Task to complete
For the lines from the one with "NIBE_EP_Partner" to the end of the listing below, both ends included, give an exact copy and nothing more. Do not copy pictures.

(Data extract begins)

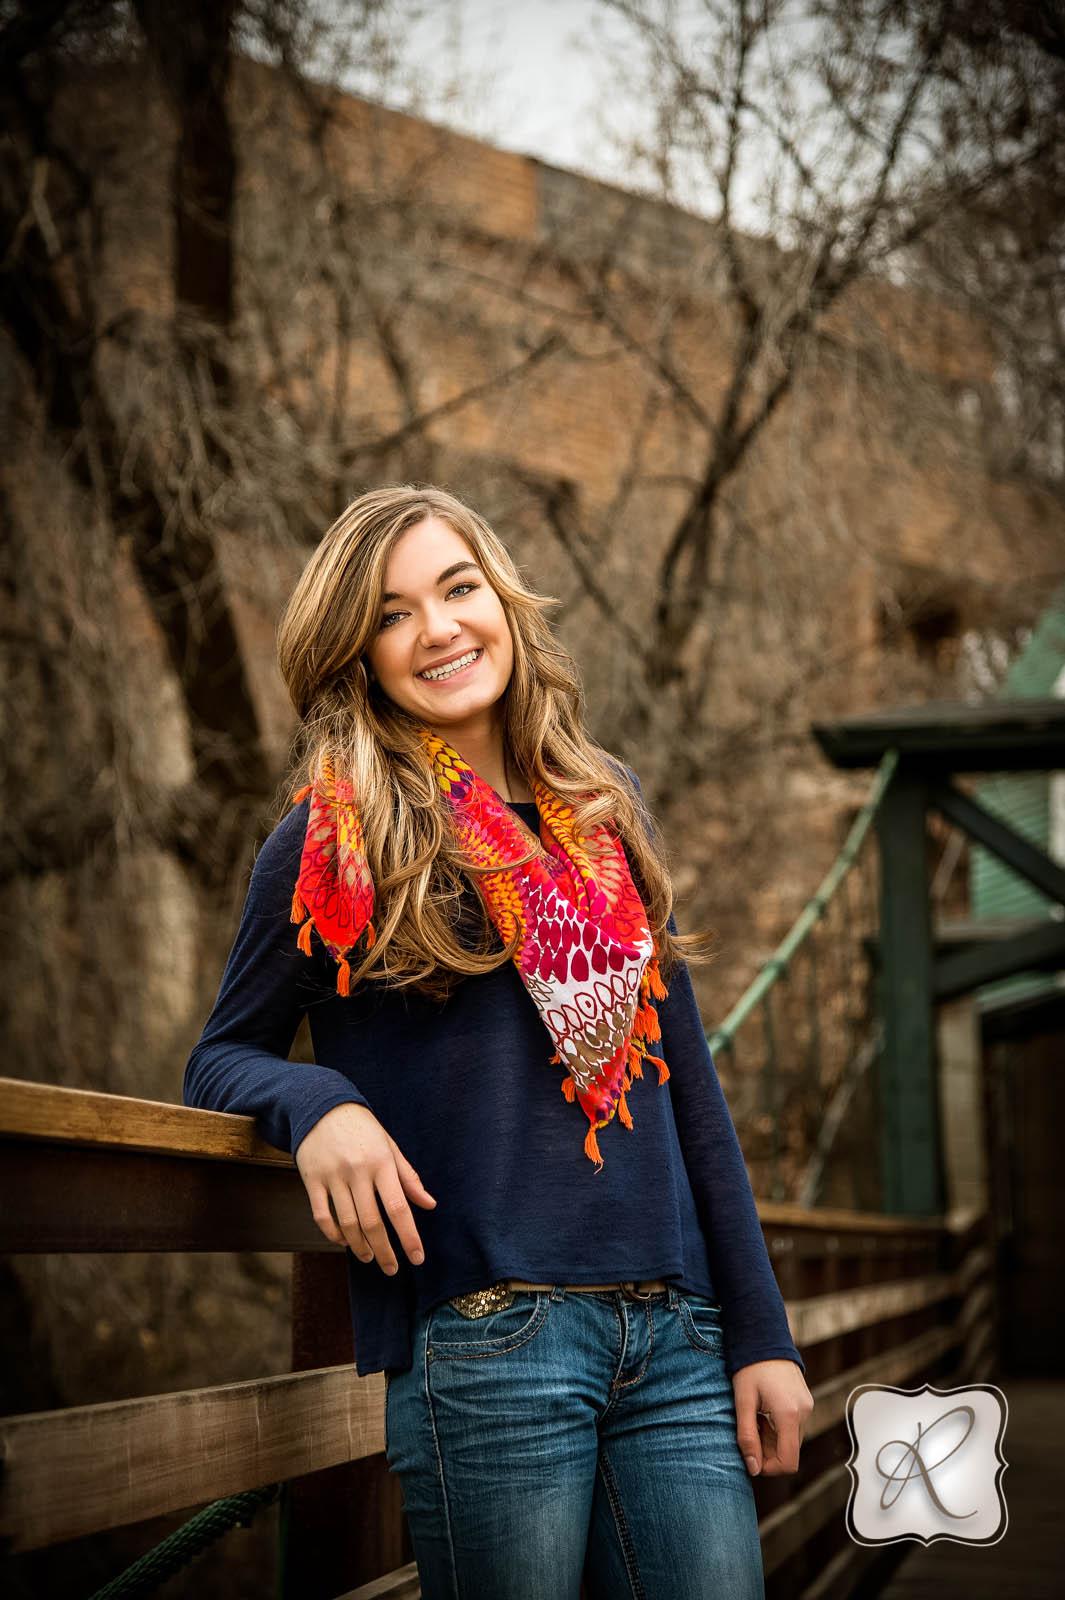 Katie S Fun Senior Portraits Durango Wedding And Family
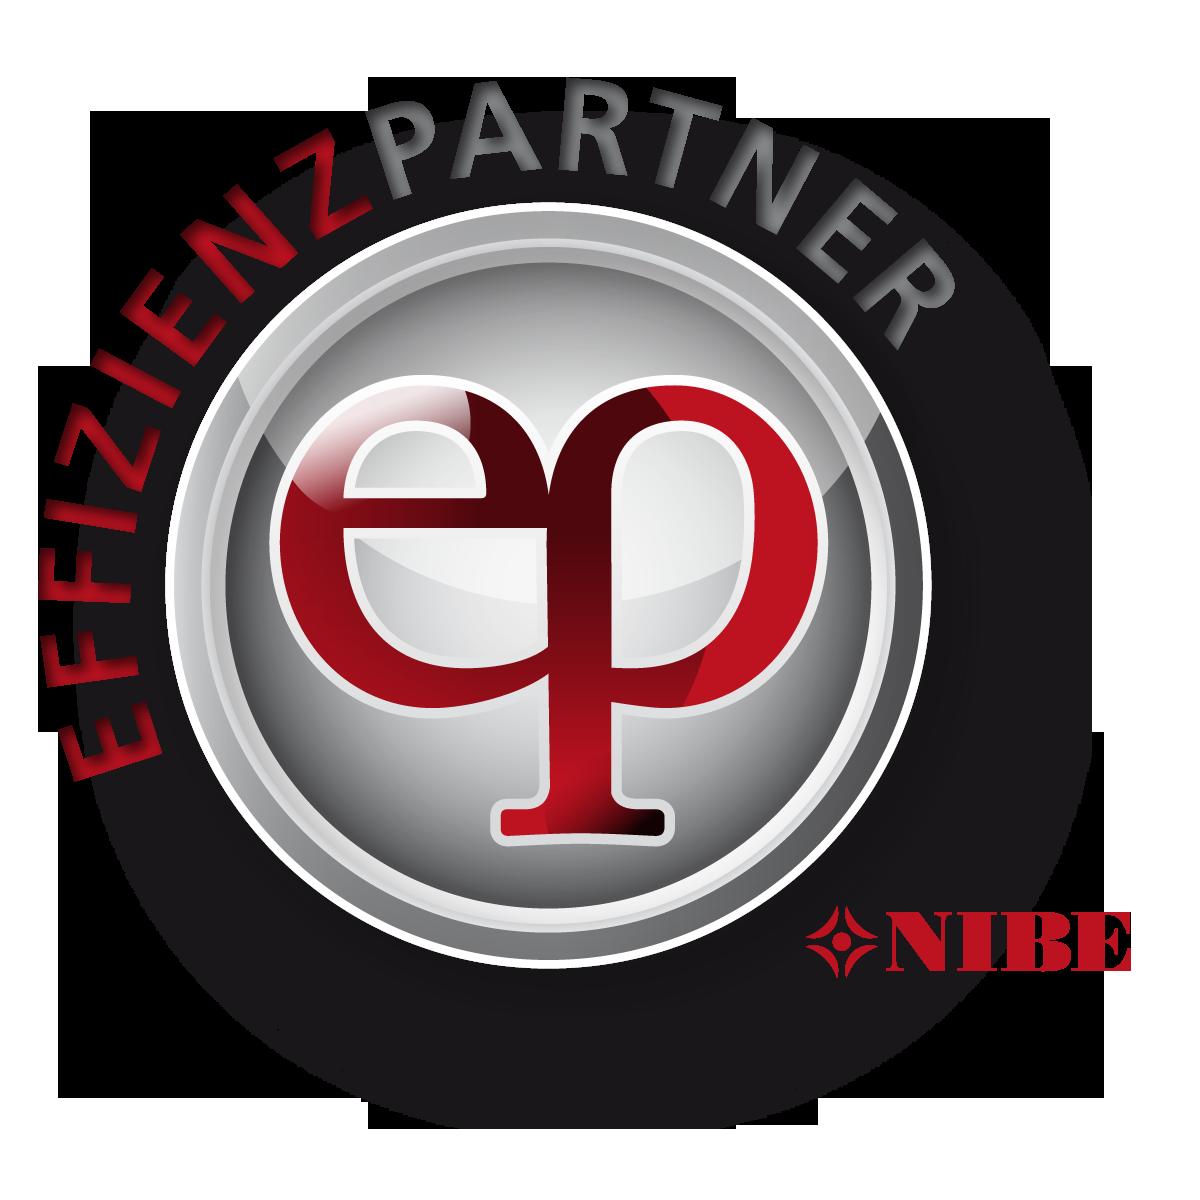 NIBE_EP_Partner
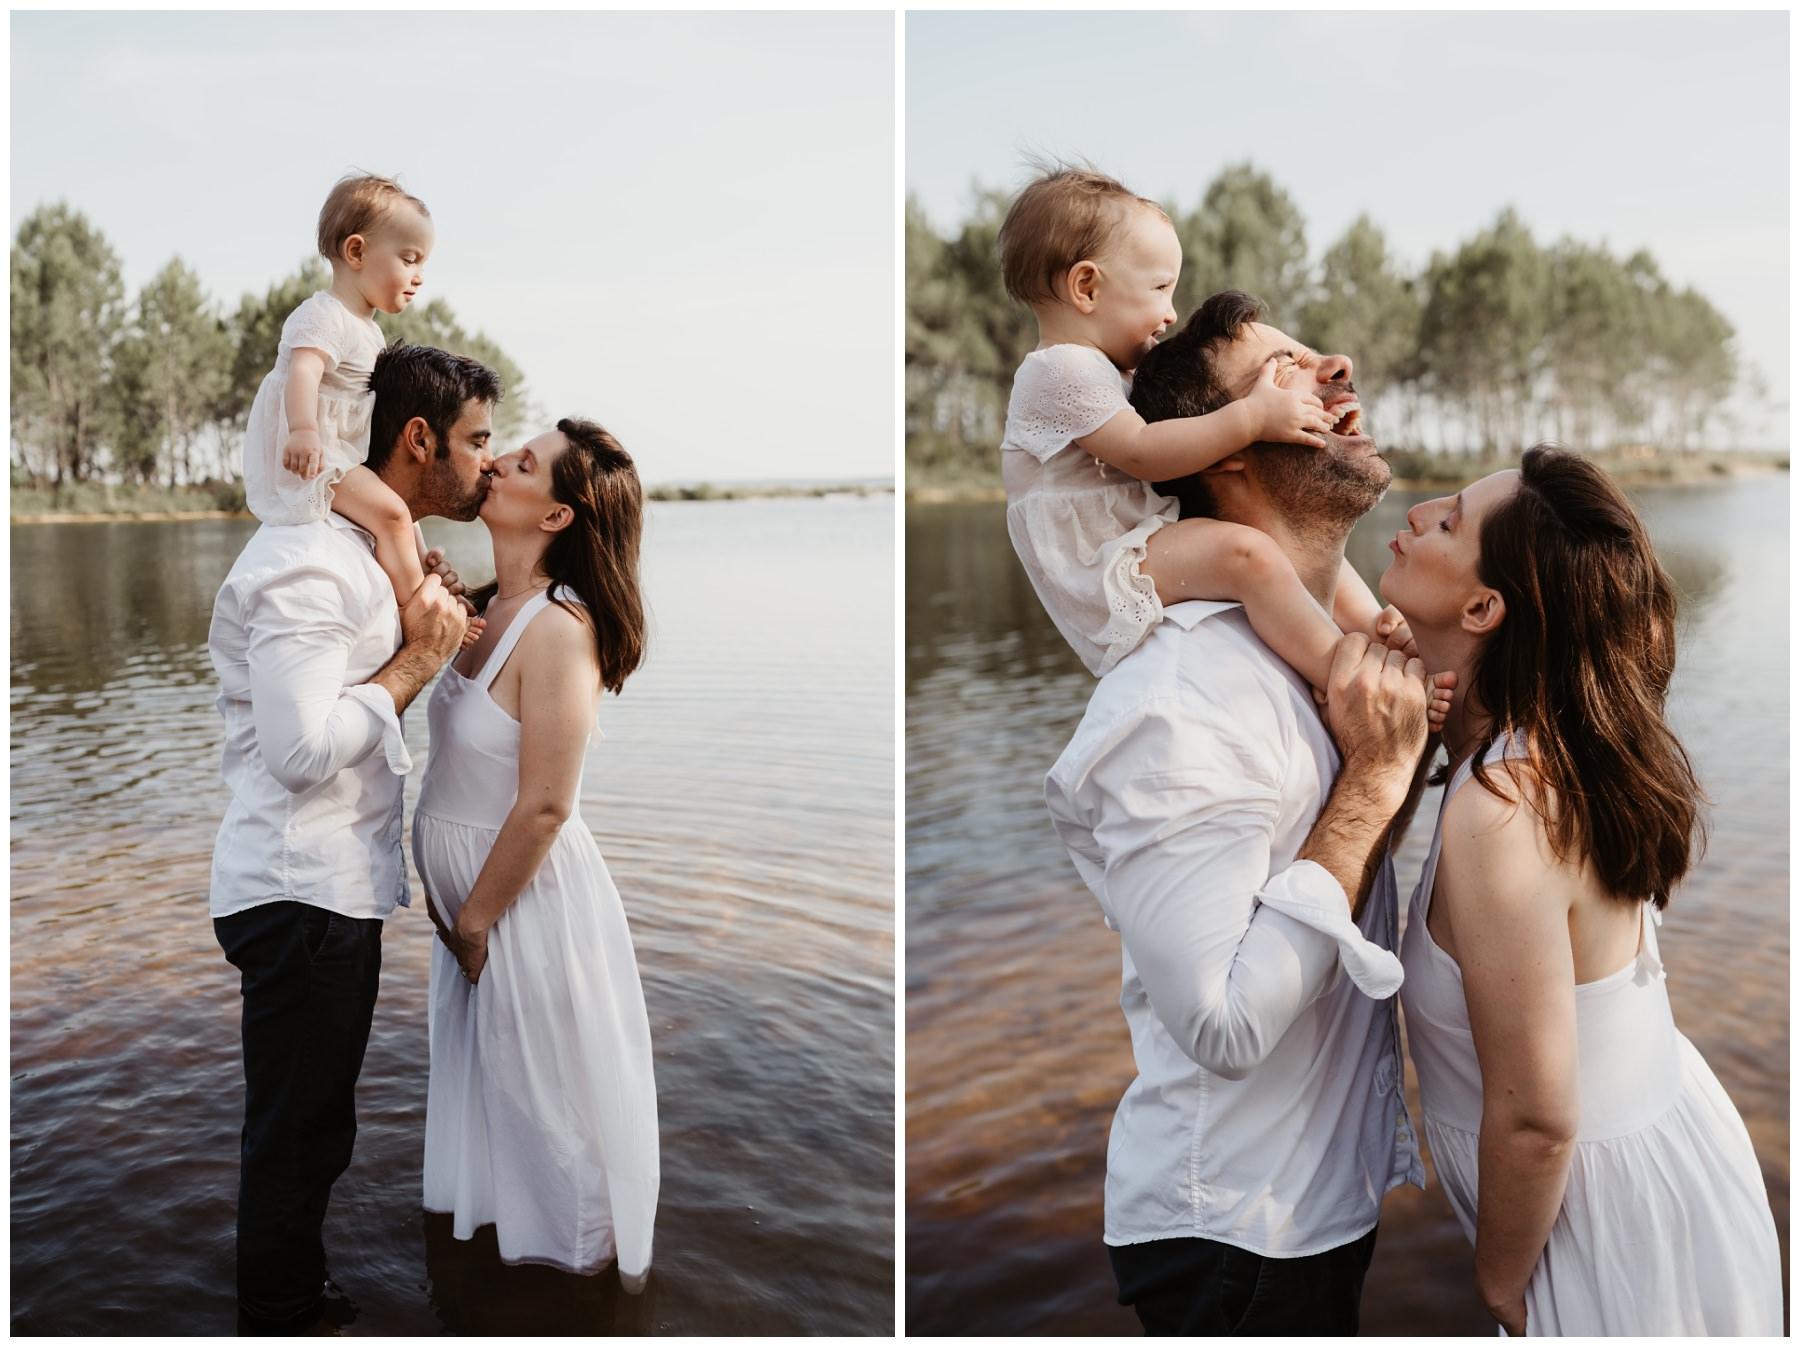 famille lac lacanau
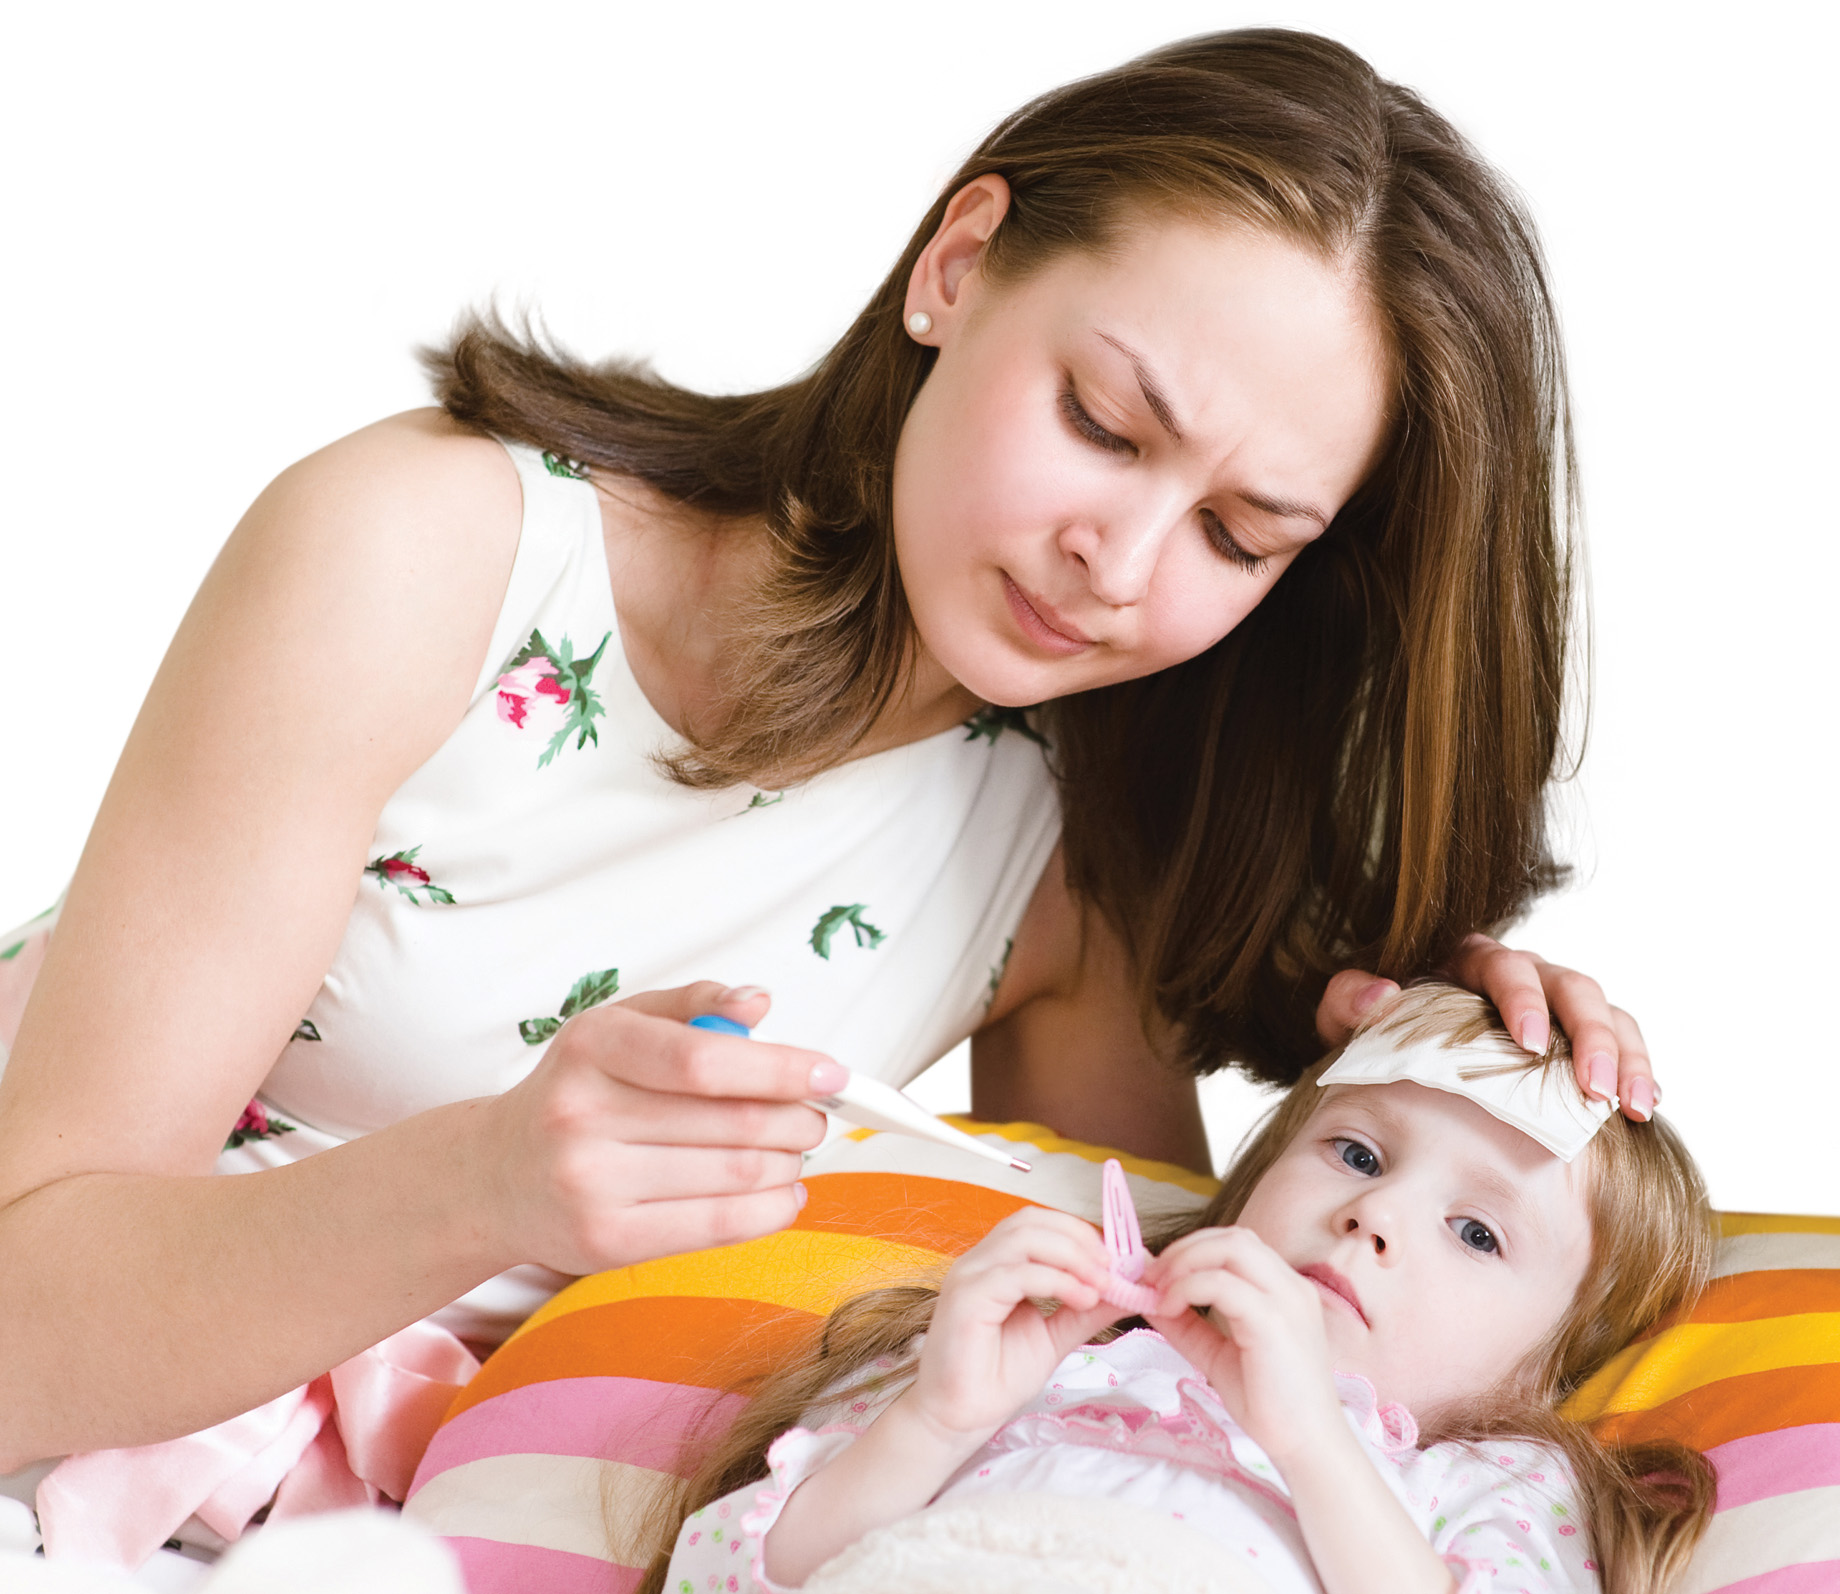 Khi trẻ bị sốt nên dùng những loại thuốc nào là tốt nhất?

(Data extract ends)

Exercise result
 NIBE_EP_Partner
 famille lac lacanau
 Khi trẻ bị sốt nên dùng những loại thuốc nào là tốt nhất?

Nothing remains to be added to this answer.